地狱厨房,圣米迦勒教堂的地下室从未如此拥挤,也从未如此安静。
这里曾经是暗影阵线的秘密指挥中心,现在成了整个纽约反抗力量的临时总部。空气凝重,混合着汗味、灰尘味、血腥味,还有一种更尖锐的气味——决心的气味。
房间中央的长桌旁,坐着来自不同世界的面孔。
“这是我们第一次,也可能是最后一次全体会议。”史蒂夫开口,声音平稳但带着重量,“金并的镇压暂时成功了,但他没有赢得战争,只是改变了战场。现在战场在阴影中,在我们每个人的心中。”
托尼接过话,手指在桌面上敲击着无形的数据流。士的网络监控已经覆盖了85的公共通信。地面部队在关键节点增加了三倍。媒体被控制,异议被消灭。从传统军事角度看,我们输了。”

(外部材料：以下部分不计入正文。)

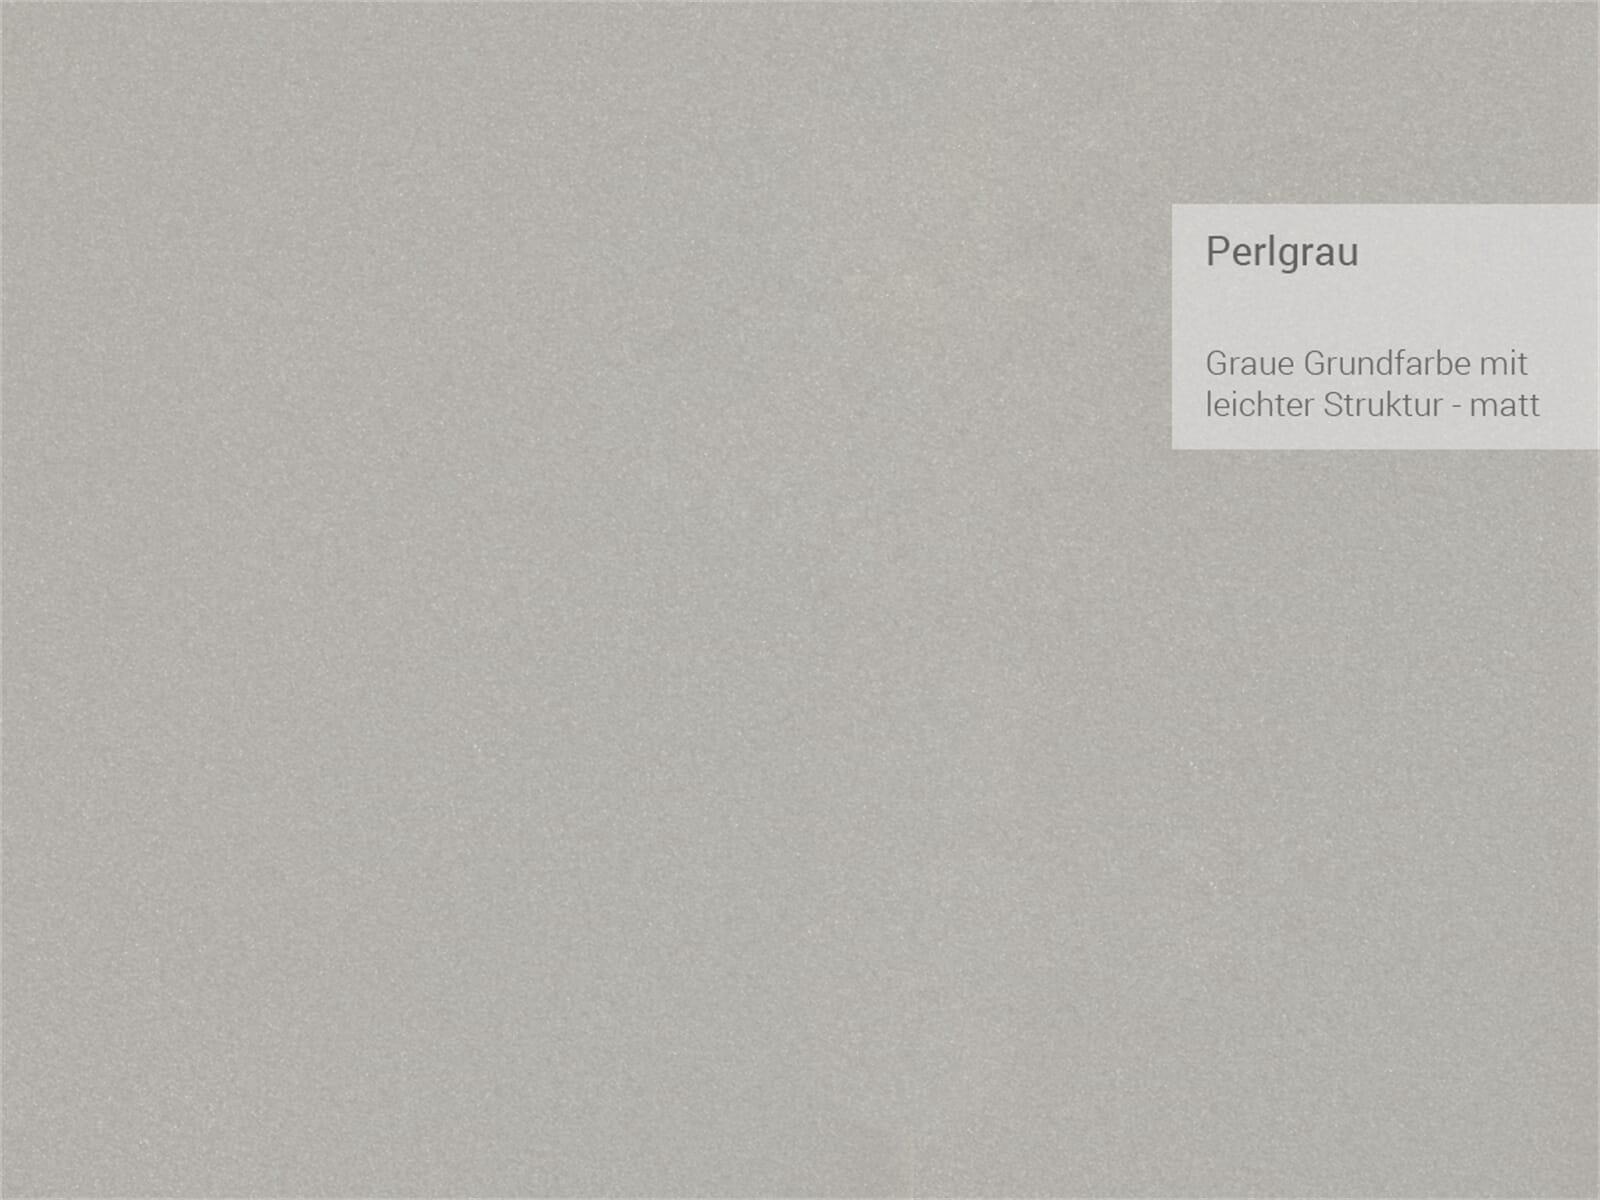 Franke Mythos MTK 611-78 Perlgrau – 10973 Keramikspüle Exzenterbetätigung

“但我们不是传统军队。”马特说,他的声音像丝绸包裹的钢铁,“我们有他们永远无法完全控制的东西:这座城市本身。每一条小巷,每一栋建筑,每一个人。”
莎拉调出全息地图,显示纽约的实时状态。“金并的控制是表面的。看这里——”她放大曼哈顿下城,“他的部队控制了市政厅、警察总局、主要交通枢纽。但社区网络仍然活跃。看这些绿点:地下食品分发点,秘密医疗站,儿童保护网络。人们没有屈服,他们只是……转入了地下。”
“就像我们一样。”莉娜补充,“每个被逮捕的组织者,有两个新人站出来。每个被关闭的社区中心,有三个新的在秘密地点开放。镇压没有消灭抵抗,它使抵抗更加聪明,更加分散,更加难以摧毁。”
“这正是问题所在。”史蒂夫说,“我们不再需要突破某个节点。我们需要同时突破所有节点。”
他站起身,手指在全息地图上移动。
“金并的帝国建立在三个支柱上:武力控制、信息控制、恐惧控制。要推翻他,我们必须同时攻击这三个支柱。”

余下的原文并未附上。